Al llegar al sepulcro se asombraron por encontrar la piedra removida y a un ángel que les dice: No está aquí.
Alteradas, corriendo, se alejaron con el alma exaltada, conmovida, a ver entre los vivos al Rabbí.

Jesucristo se muestra a las mujeres, les anuncia su marcha a Galilea, que lo digan sin miedo a la asamblea, allí se informarán de sus poderes.
Todos dudan, pues son los pareceres femeninos, y su dolor sortea, con locas fantasías, la marea de impaciencias, deseos y quereres.
Juan y Pedro deciden comprobarlo.

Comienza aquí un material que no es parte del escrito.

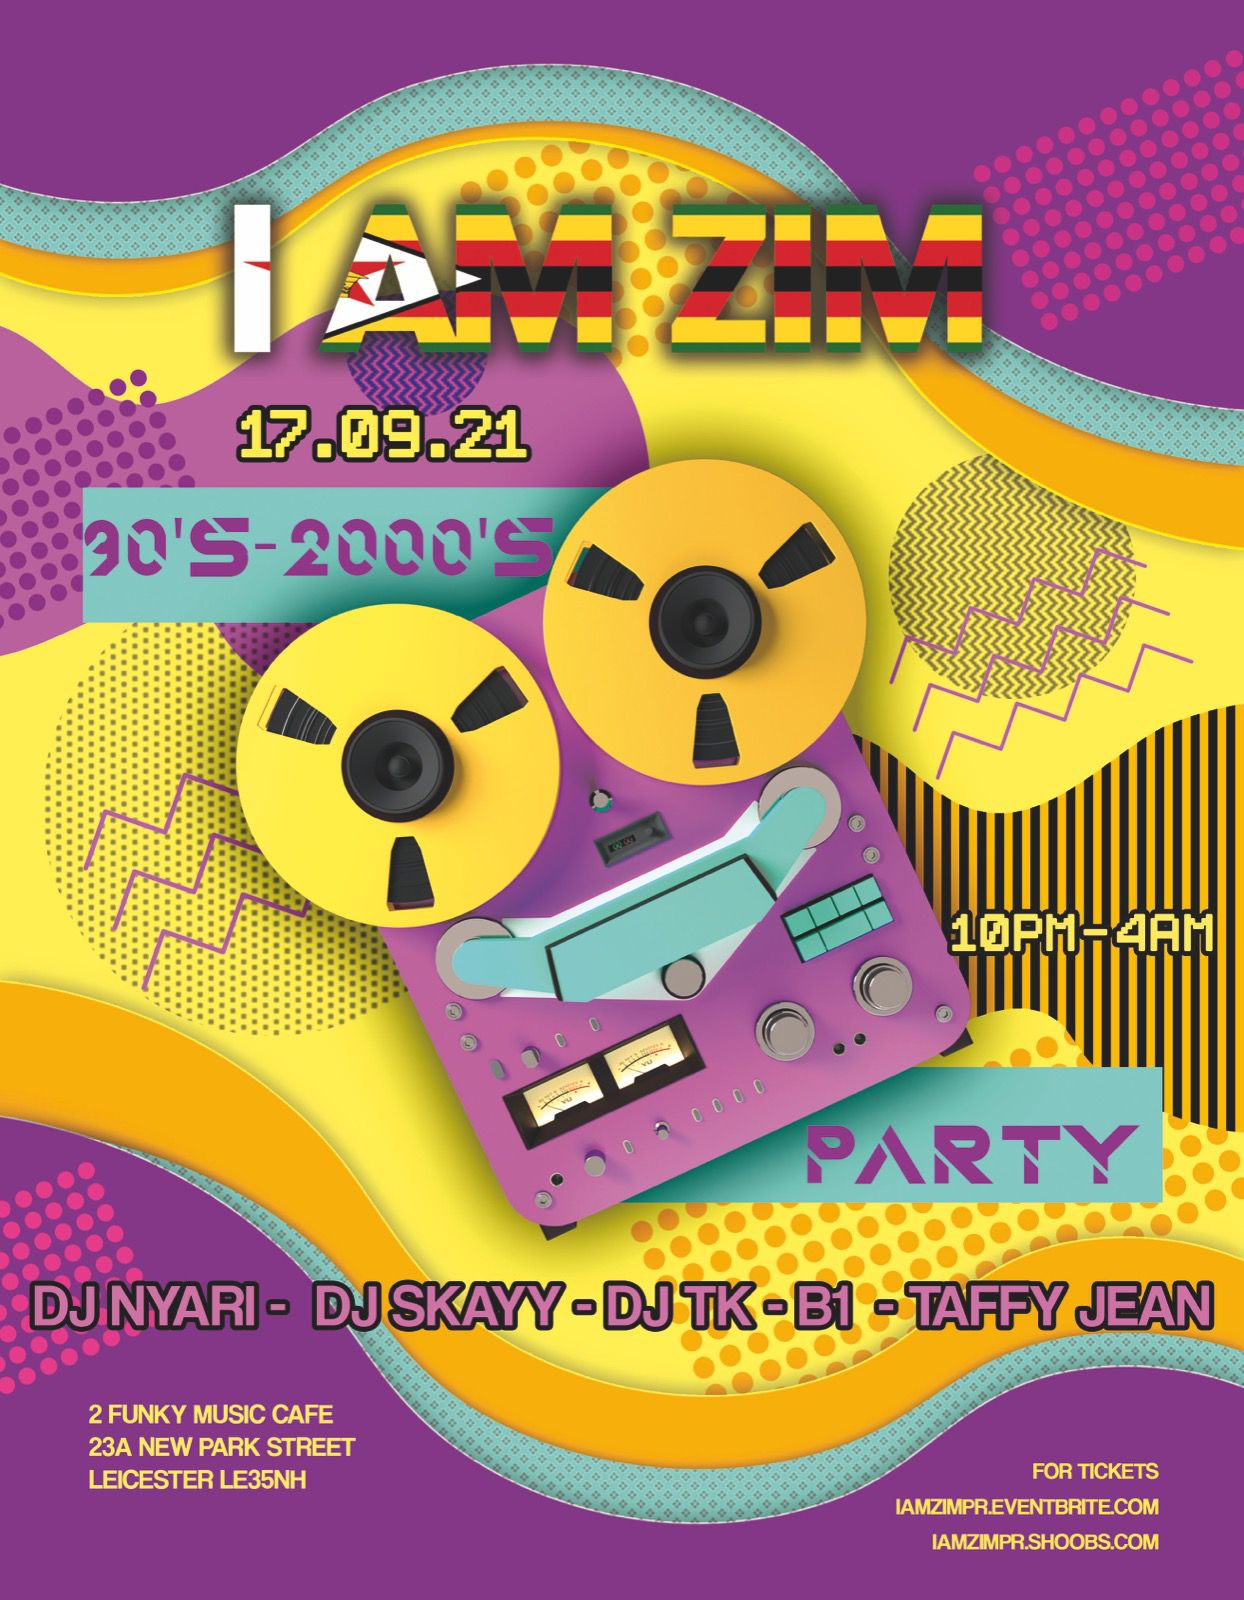 I AM ZIM 90'S VS 2000'S PARTY

Allí estaban los lienzos recogidos y el sepulcro vacío, abandonado.
Los soldados dispuestos a velarlo huyeron del lugar, despavoridos, ¡el Mesías había resucitado!.
 Los once a Galilea se encaminan al cerro que Jesús les ha indicado, cuando le ven venir, resucitado, ante su gloria espléndida se inclinan.
Cuarenta días junto a Él se hacinan, les promete que siempre irá a su lado, que no teman, poder le ha sido dado, sus palabras la inmensidad dominan.
Su mandato es que vayan por el mundo bautizando en la Santa Trinidad y salvando a las almas en su nombre.
Enviará al Espíritu fecundo que con sus siete dones da la paz y diviniza el ámbito del hombre.